Il fut une époque où notre système solaire comptait cinq géantes gazeuses... mais où est passée la cinquième? Quels indices subsistent encore de son existence?
Extrait de l'article:
A cluster of icy bodies in the same region as Pluto could be proof that our early solar system was home to a fifth giant planet, according to new research. That planet may have “bumped” Neptune during its migration away from the sun 4 billion years ago, causing the ice giant to jump into its current orbit and scattering a cluster of its satellites into the Kuiper belt in the outer solar system.

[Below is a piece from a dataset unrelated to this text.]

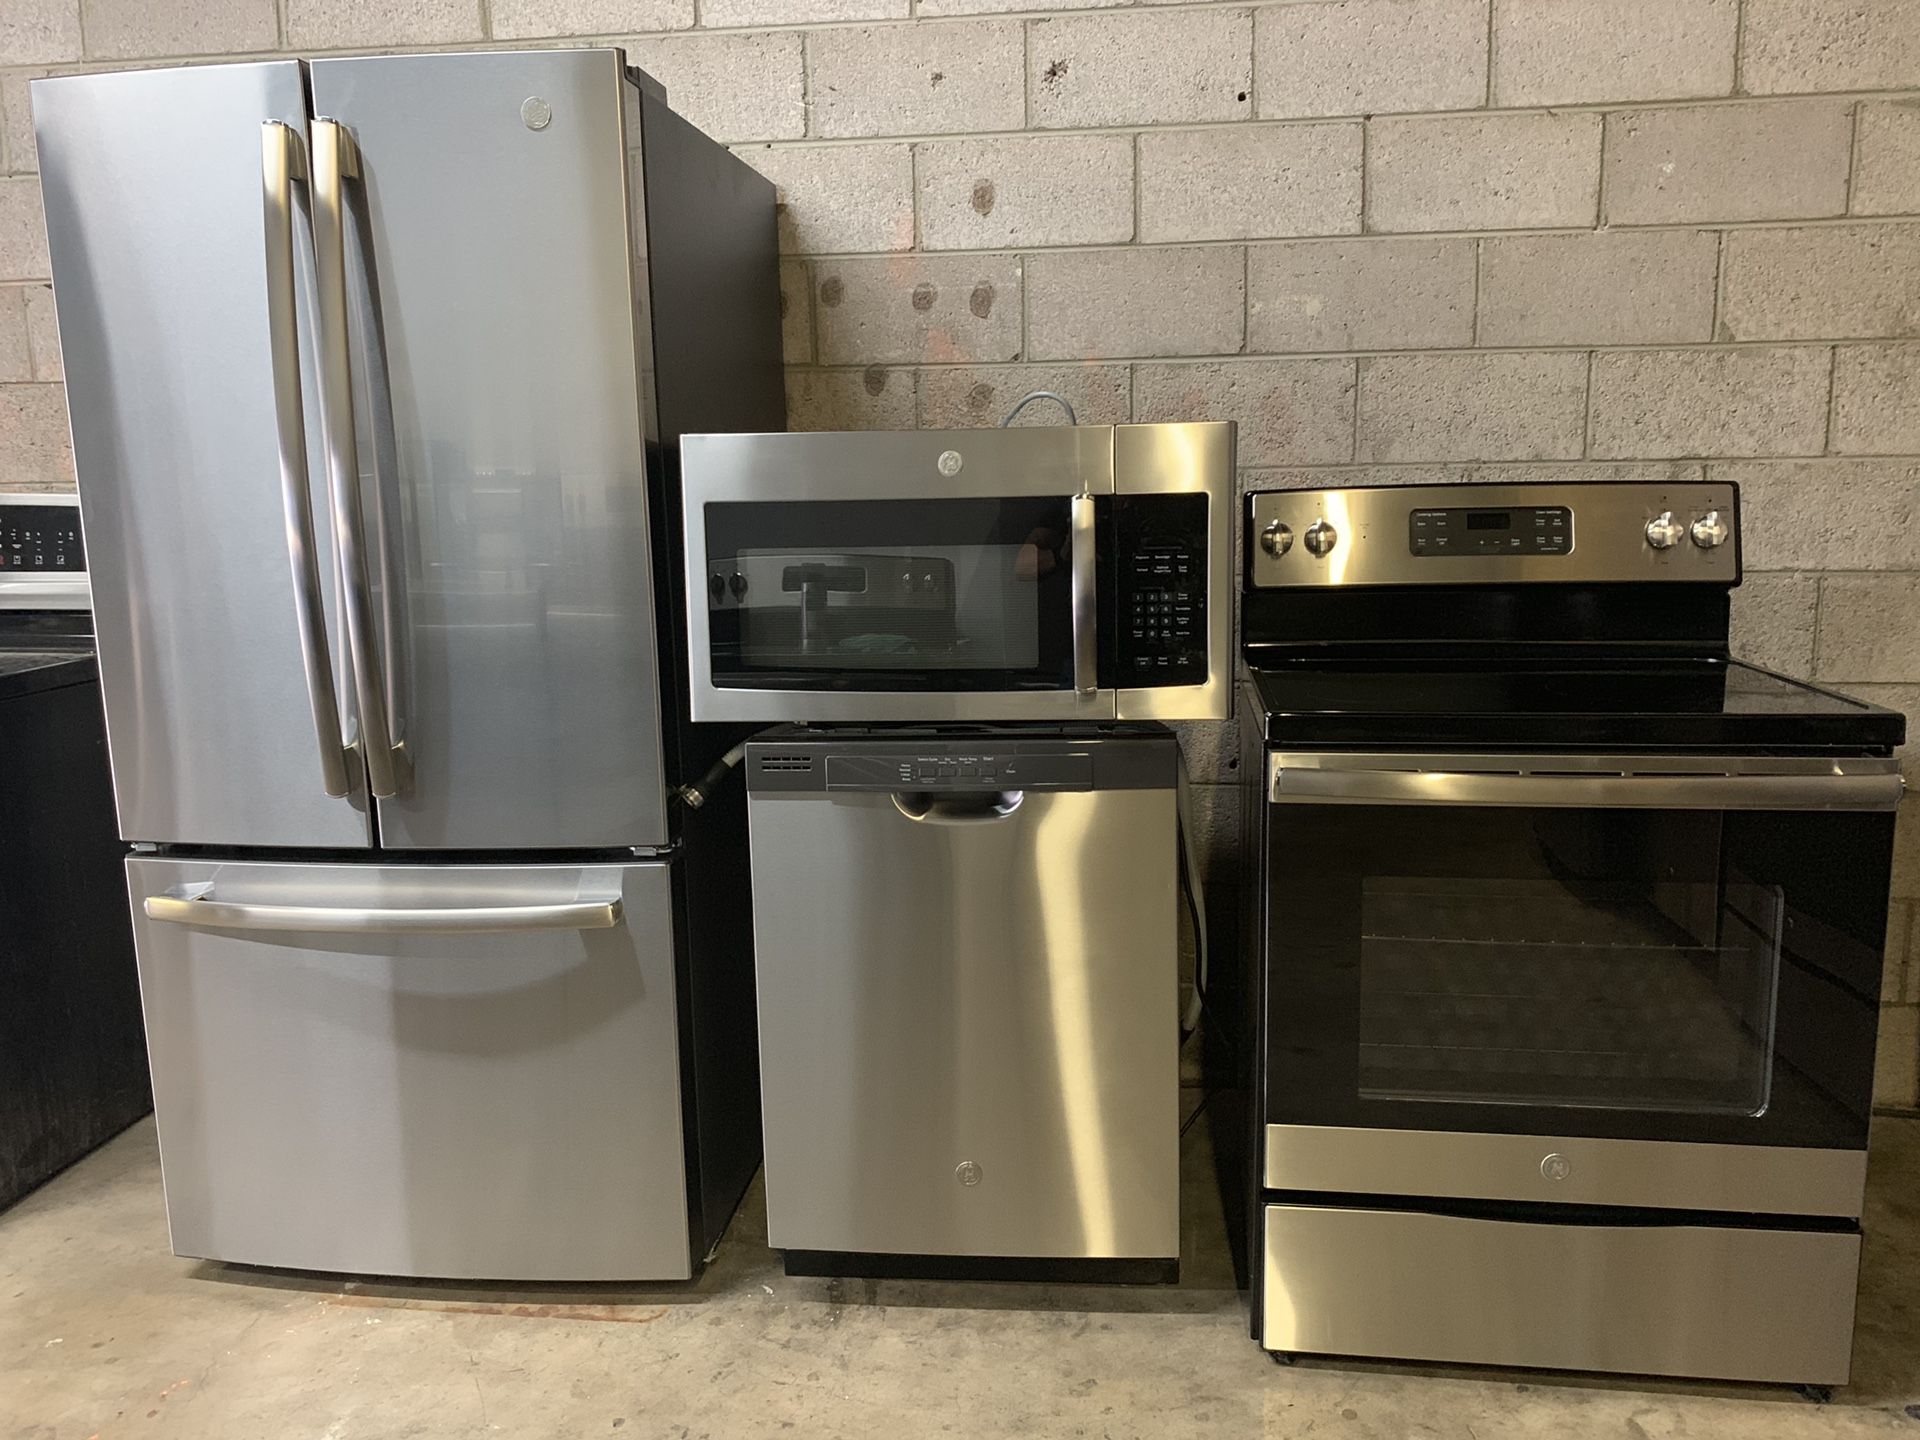 GE STAINLESS STEEL KITCHEN APPLIANCES SET EXCELLENT CONDITIONS

The cluster—a grouping of about a thousand icy rocks called the “kernel”—has long been a mystery to astronomers. The rocks stick close together and never veer from the same orbital plane as the planets, unlike the other icy bodies that inhabit the belt. Previous studies proposed that the tightly bound objects formed from violent collisions of larger parent bodies, but that hypothesis fell apart as soon as scientists realized these collisional families would have to be stretched across the Kuiper belt.
But now, one scientist may have an answer for this Kuiper belt mystery. David Nesvorny, an astronomer at the Southwest Research Institute in Boulder, Colorado, proposes the jumping Neptune theory in the September issue of The Astronomical Journal. Using computer simulations to trace the movements of the kernel back about 4 billion years, he found the objects had been swept up in Neptune’s gravitational field as the planet migrated away from the sun. Leaving its orbit near Saturn and Jupiter, Neptune pulled bits of the primordial solar system along with it as they rotated in tandem: The infant kernel traveled around the sun twice for every trip that Neptune made.
At approximately 4.2 billion kilometers from the sun—close to its current position almost halfway to the outer edge of the modern-day Kuiper belt—Neptune’s orbit lurched outward 7.5 million kilometers. The trapped objects couldn't keep up with the sudden change of pace, and they were jolted out of their orbital configuration 6.9 billion kilometers from the sun, where they continue to travel today as the kernel.
Nesvorny says the only possible explanation for the sudden shift in orbit is that Neptune came under the gravitational sway of another object with a massive gravitational field—likely a giant planet. Uranus, Saturn, and Jupiter aren’t candidates because their orbits have never interacted with Neptune’s in the way that this proposed planet’s might have done.